Get strong protection instead: Most people focus on what might happen to their health insurance if they get divorced, but insurance issues like life, property/accident, and disability insurance are sometimes pushed to the background. If you’re just single, you definitely need the best health coverage you can afford for yourself and your children, but life, property, liability, and disability insurance become doubly important, especially if you didn’t address those needs during the divorce. Even if your ex-spouse cooperates with financial support, it’s wise to make sure you don’t. A financial planner should be able to analyze those options in detail.

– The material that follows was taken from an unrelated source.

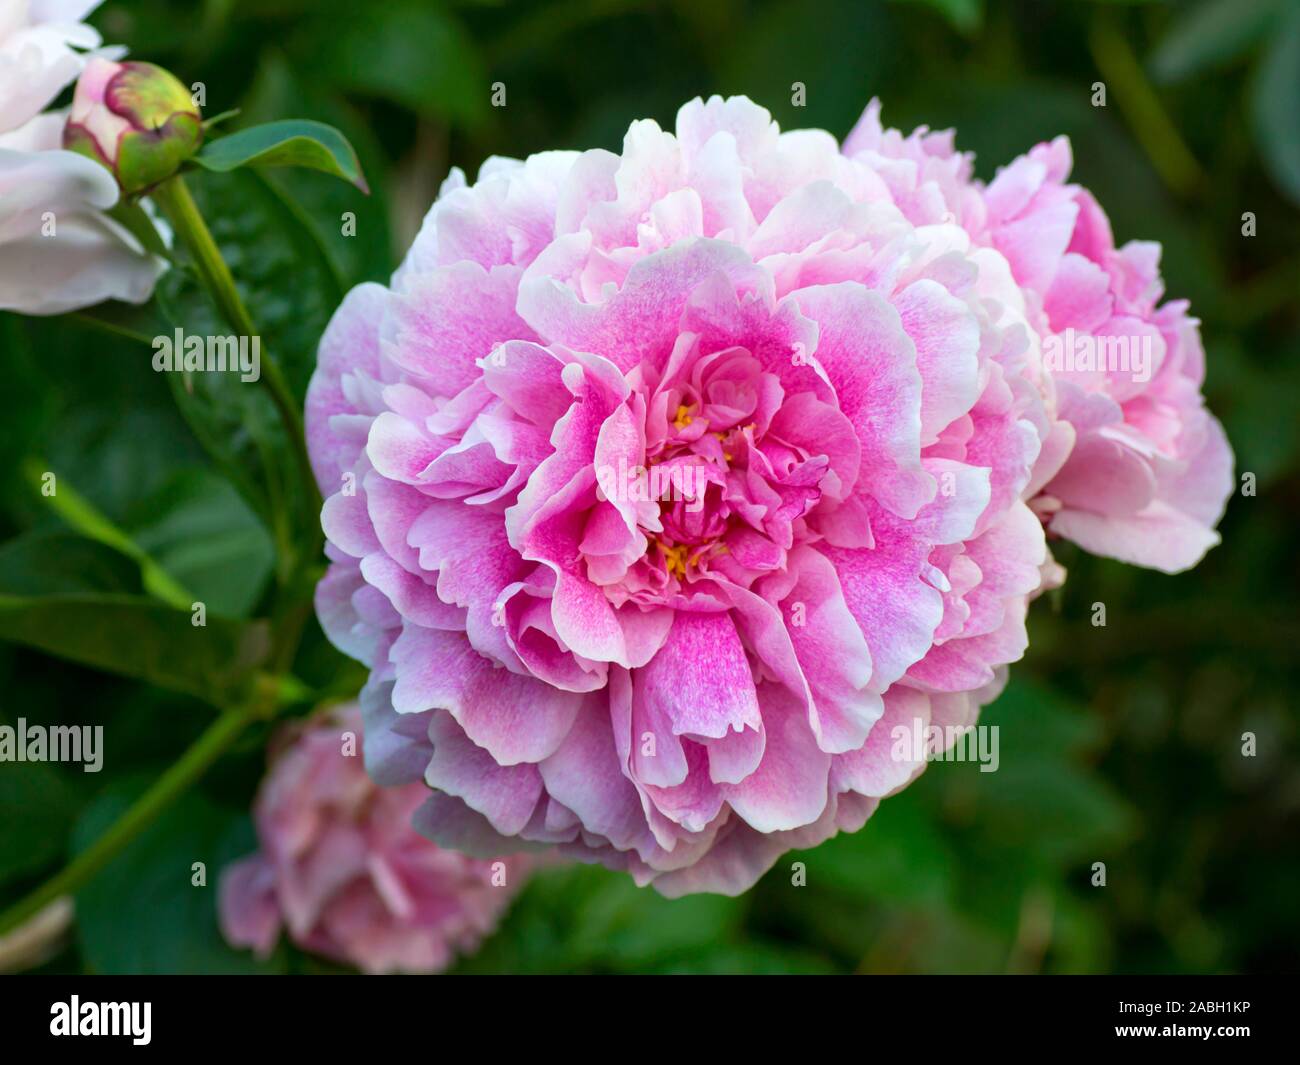 El cervatillo de Peonía. Doble rosa peonía. Paeonia lactiflora (Chino o peonía peonía jardín común). Foto de stock
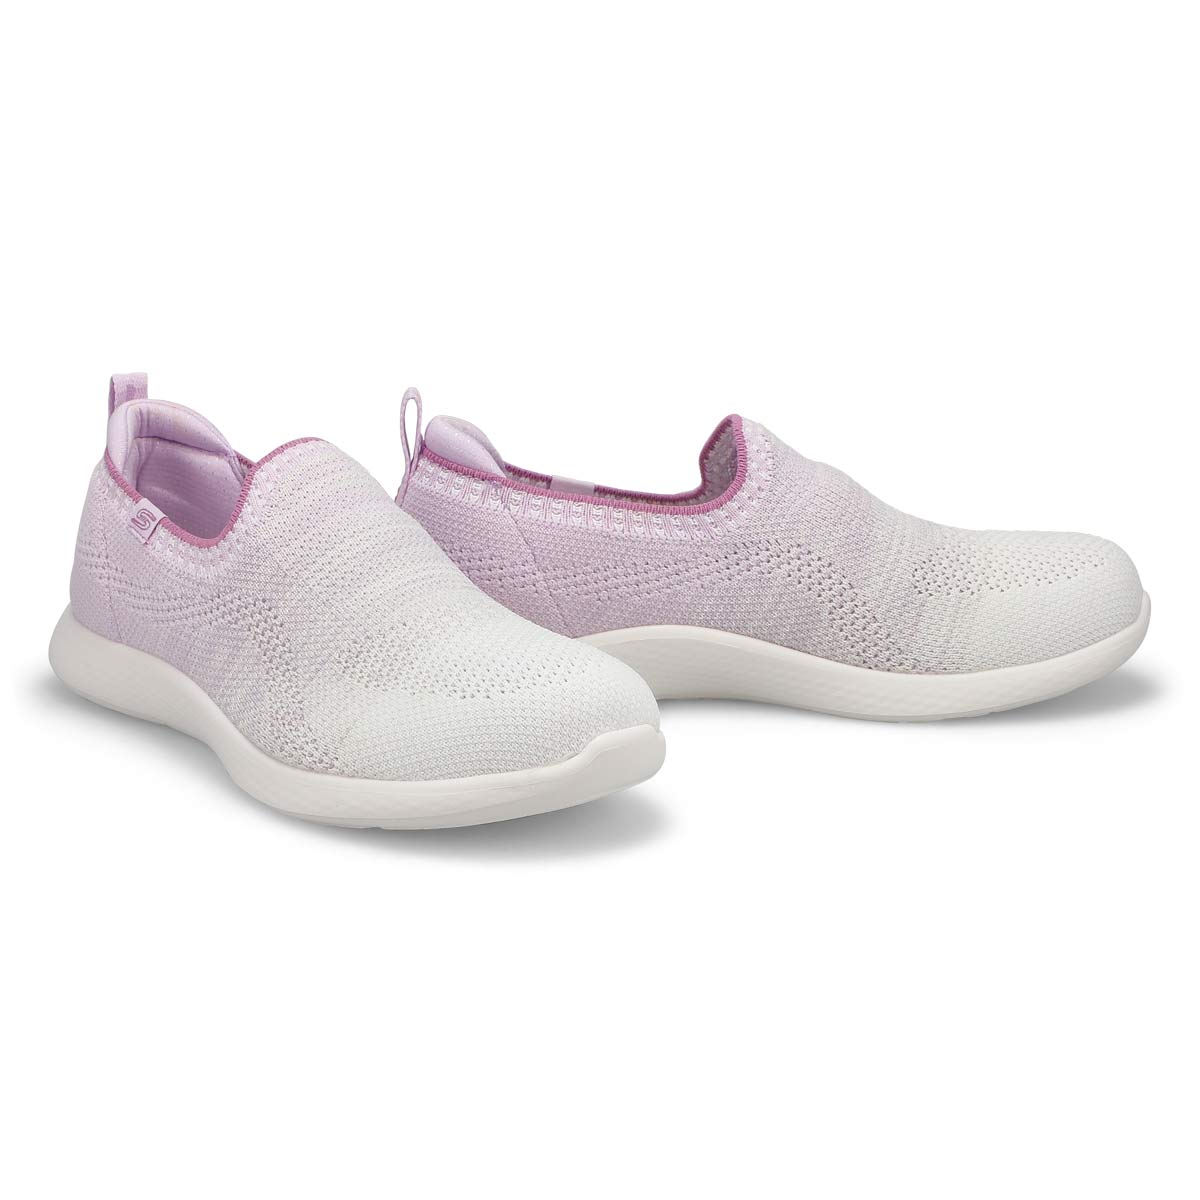 Women's Vapor Foam Lite Slip On Sneaker - Lavender

Review all of your investments for primary ownership and beneficiary information: Even if you were correctly advised to change the names of the assets you and your spouse were dividing between you, it still makes sense after the divorce to check the names on those assets for correctness and, more importantly, to make sure that all the beneficiary information is correct.

Manage your “Windfall”: People may mistakenly believe that just because they are smart in other areas of life, they can make investment decisions after going through an emotionally difficult event like divorce. It is important not to be blinded by the sudden windfall one might receive. There are long-term issues to consider. And as tempting as it may be to blow off some steam with a vacation, a new car or truck, or even a wardrobe, people have to think about the day after tomorrow. Now is not the time to bet the ranch on number 3 at the roulette table or the next high-flying action you heard someone mention while you were in the gym.

That’s why it’s important not to go overboard with some necessary R&R, but to stash away most of what can be received in cash to help supplement the emergency fund, cover debt service, and any future career or job moves. home. By meeting with a professional financial planner soon after the divorce, one can outline short-term and long-term goals to prepare. Save any drastic changes in allocations or investment decisions for when things settle down (perhaps 3-6 months after the divorce is final).